Exercise prompt
Pictures are to be dropped from the copy. Retype the listing exactly.

Information provided
-- Opening Marker --
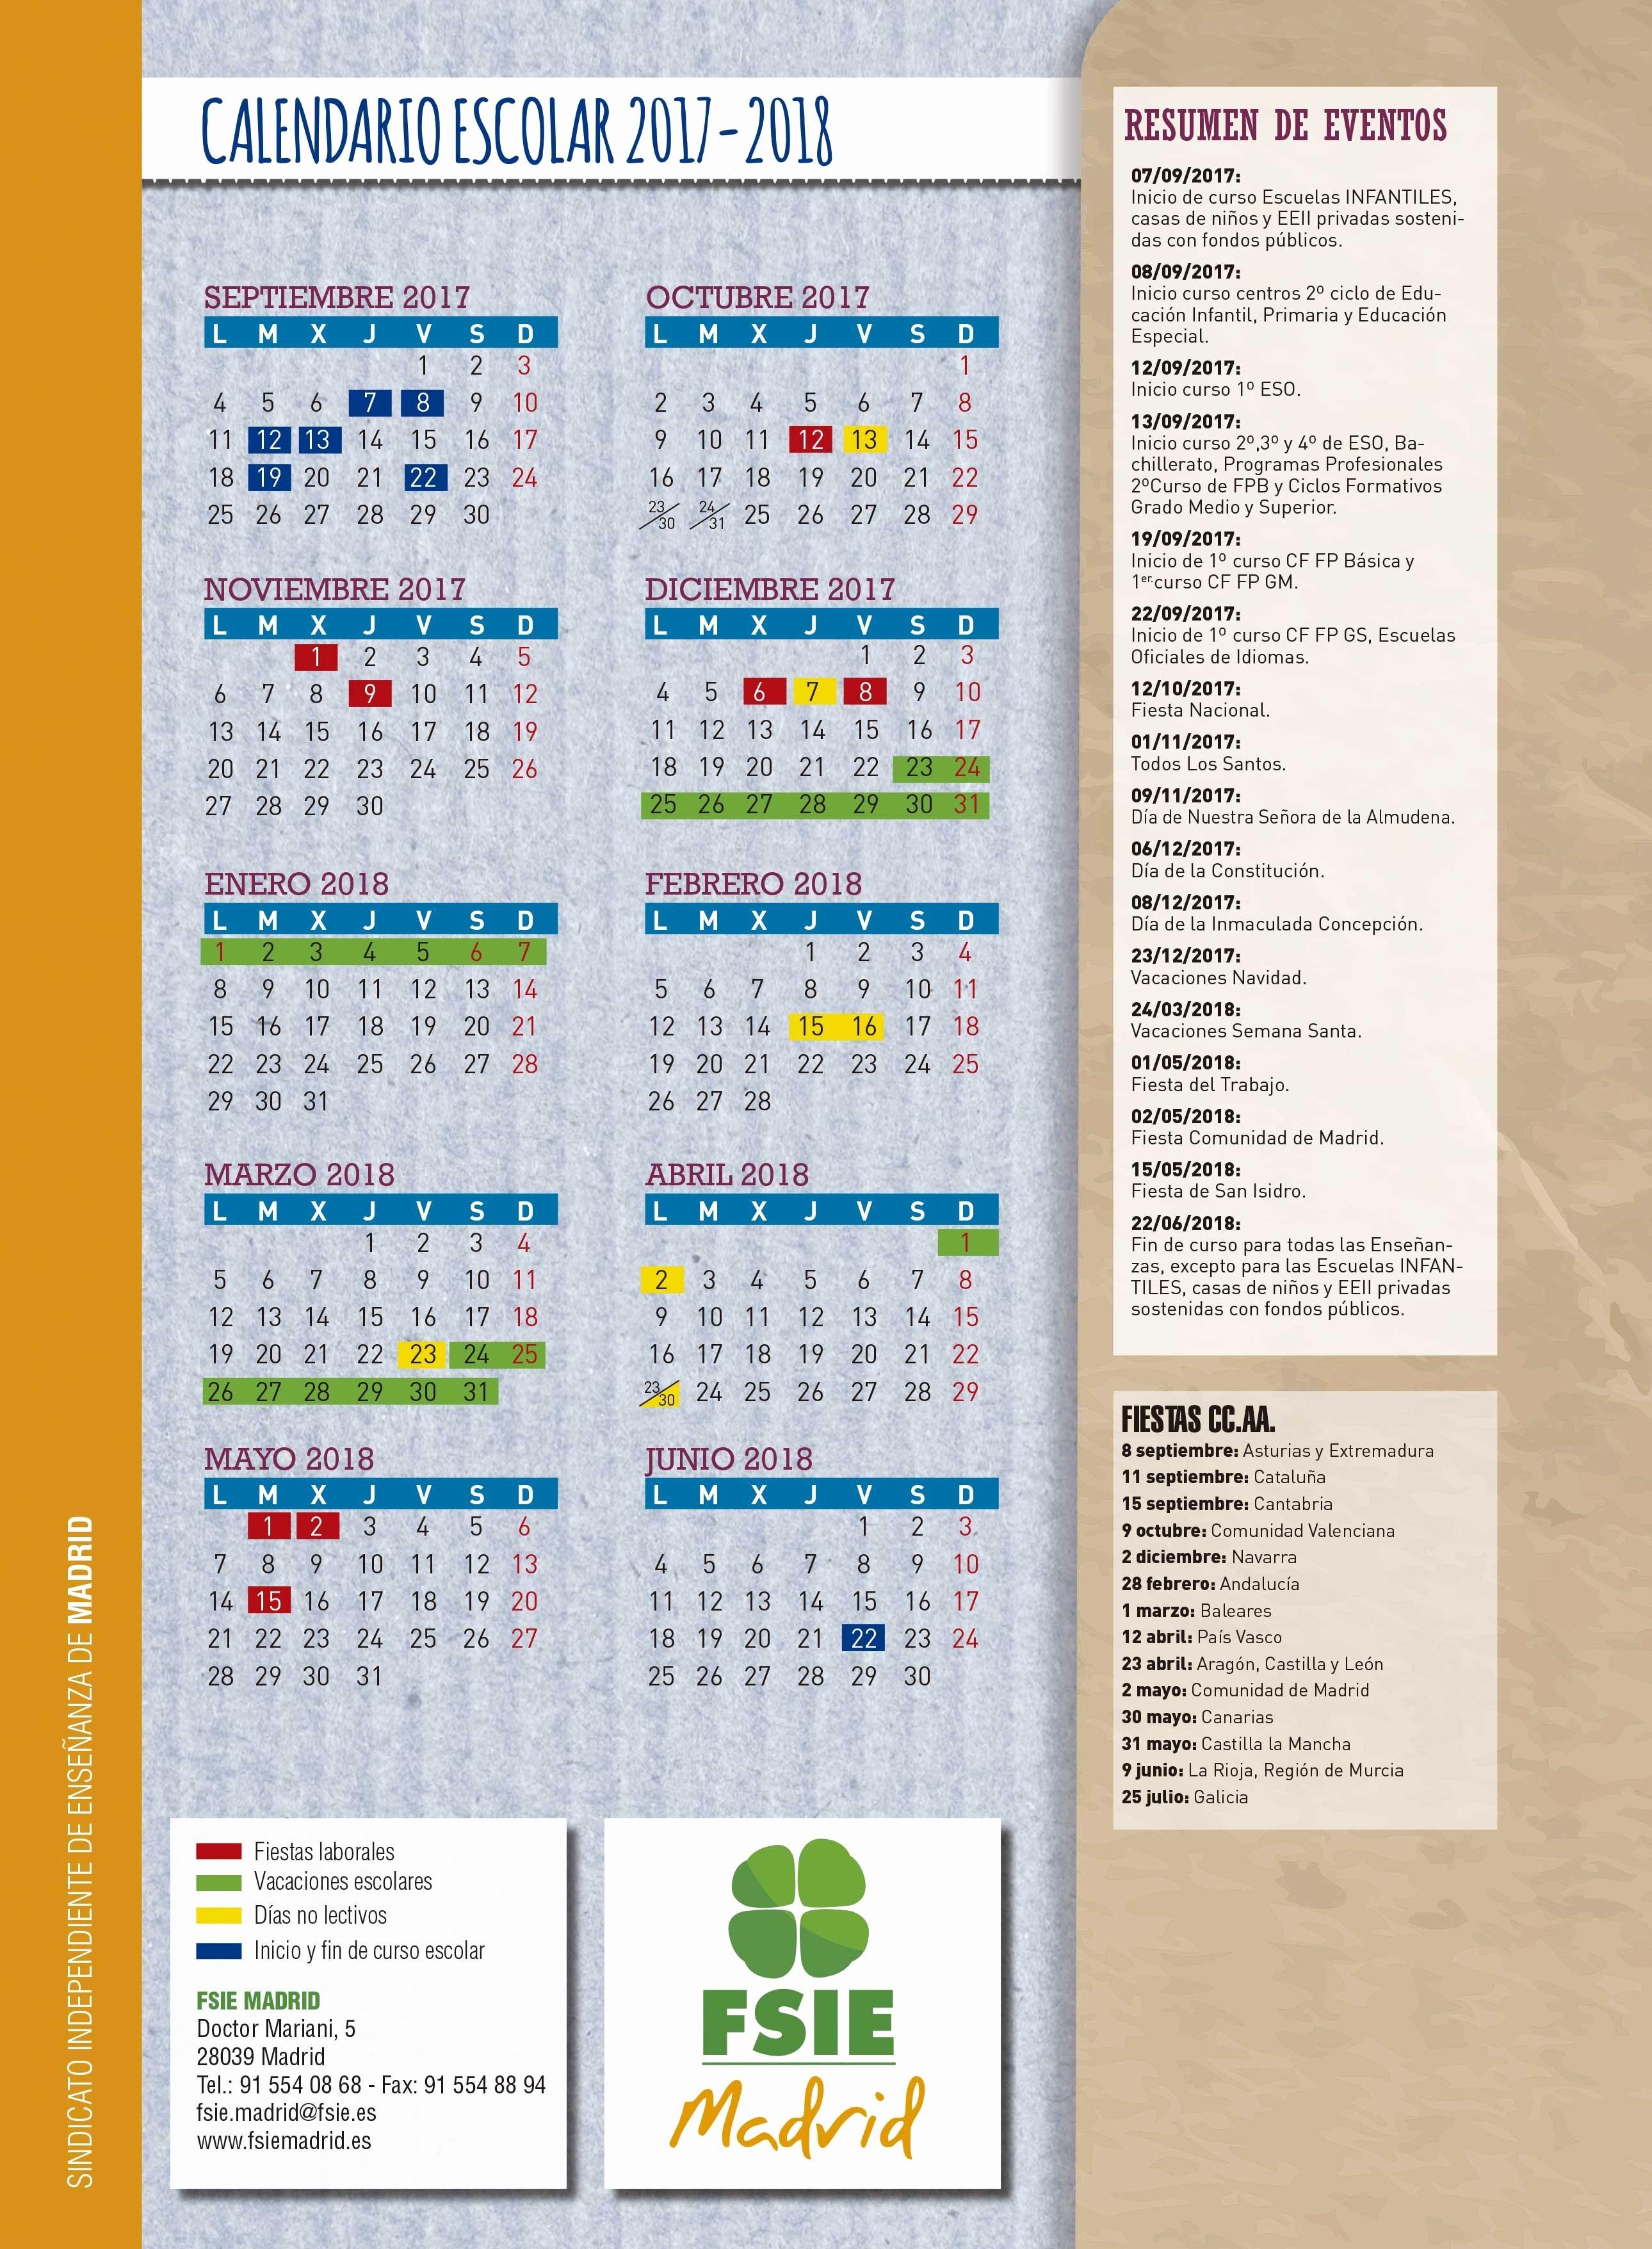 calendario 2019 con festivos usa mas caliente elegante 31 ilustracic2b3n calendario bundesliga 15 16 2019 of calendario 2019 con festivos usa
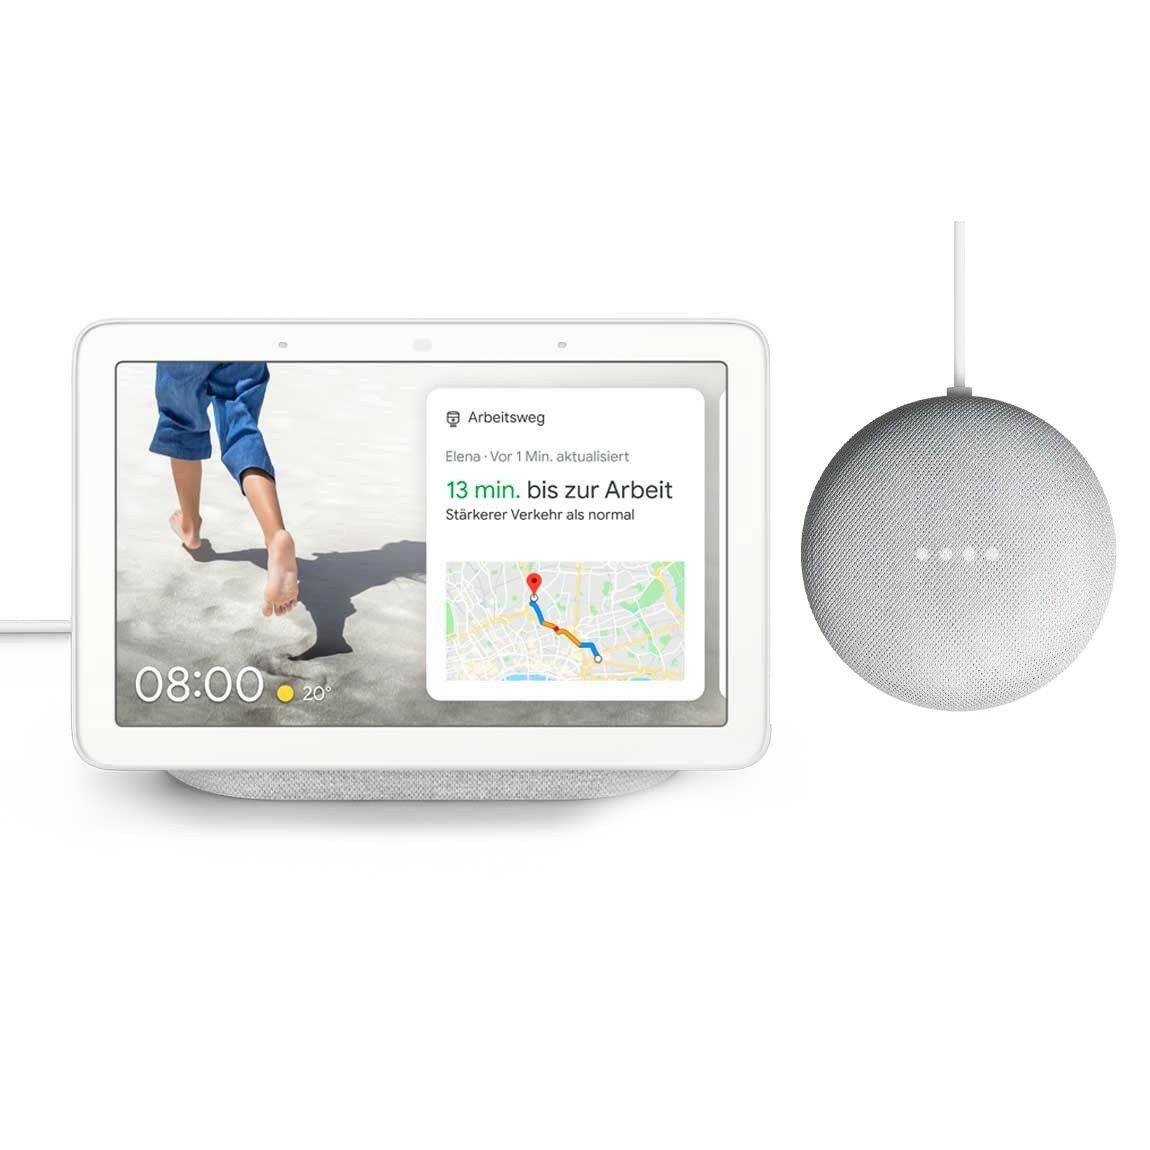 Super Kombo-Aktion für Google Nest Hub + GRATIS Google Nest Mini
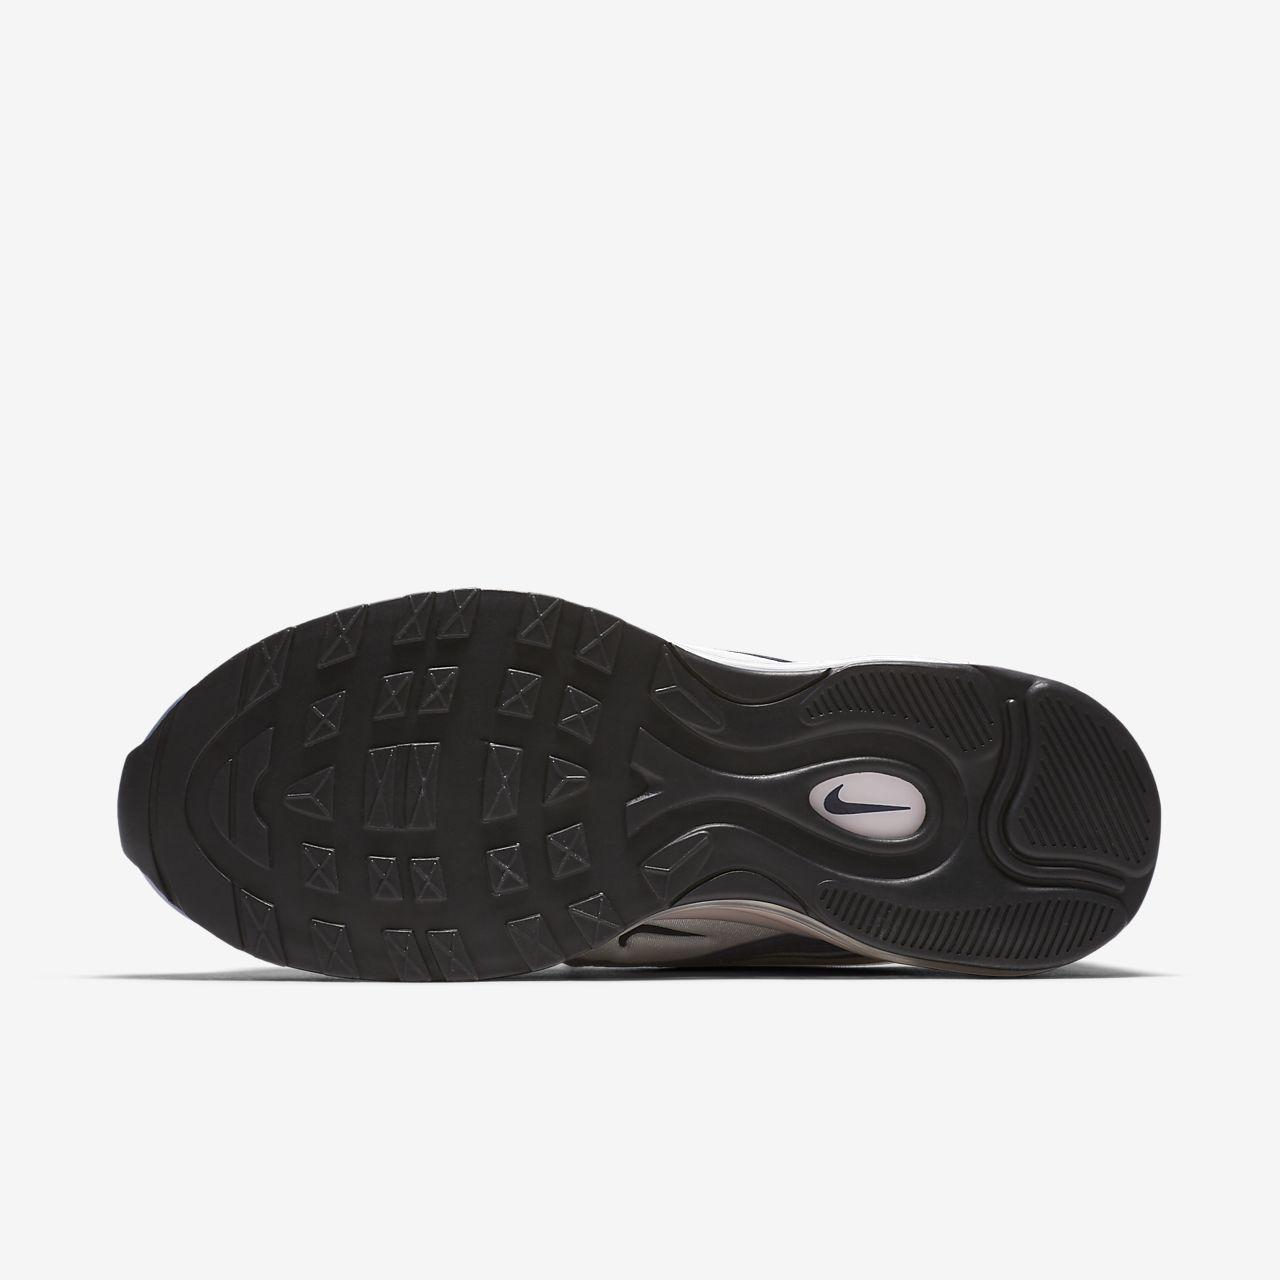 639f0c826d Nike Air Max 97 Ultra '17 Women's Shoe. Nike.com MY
-- Closing Marker --
Answer to this exercise
 calendario 2019 con festivos usa mas caliente elegante 31 ilustracic2b3n calendario bundesliga 15 16 2019 of calendario 2019 con festivos usa
 Super Kombo-Aktion für Google Nest Hub + GRATIS Google Nest Mini
 639f0c826d Nike Air Max 97 Ultra '17 Women's Shoe. Nike.com MY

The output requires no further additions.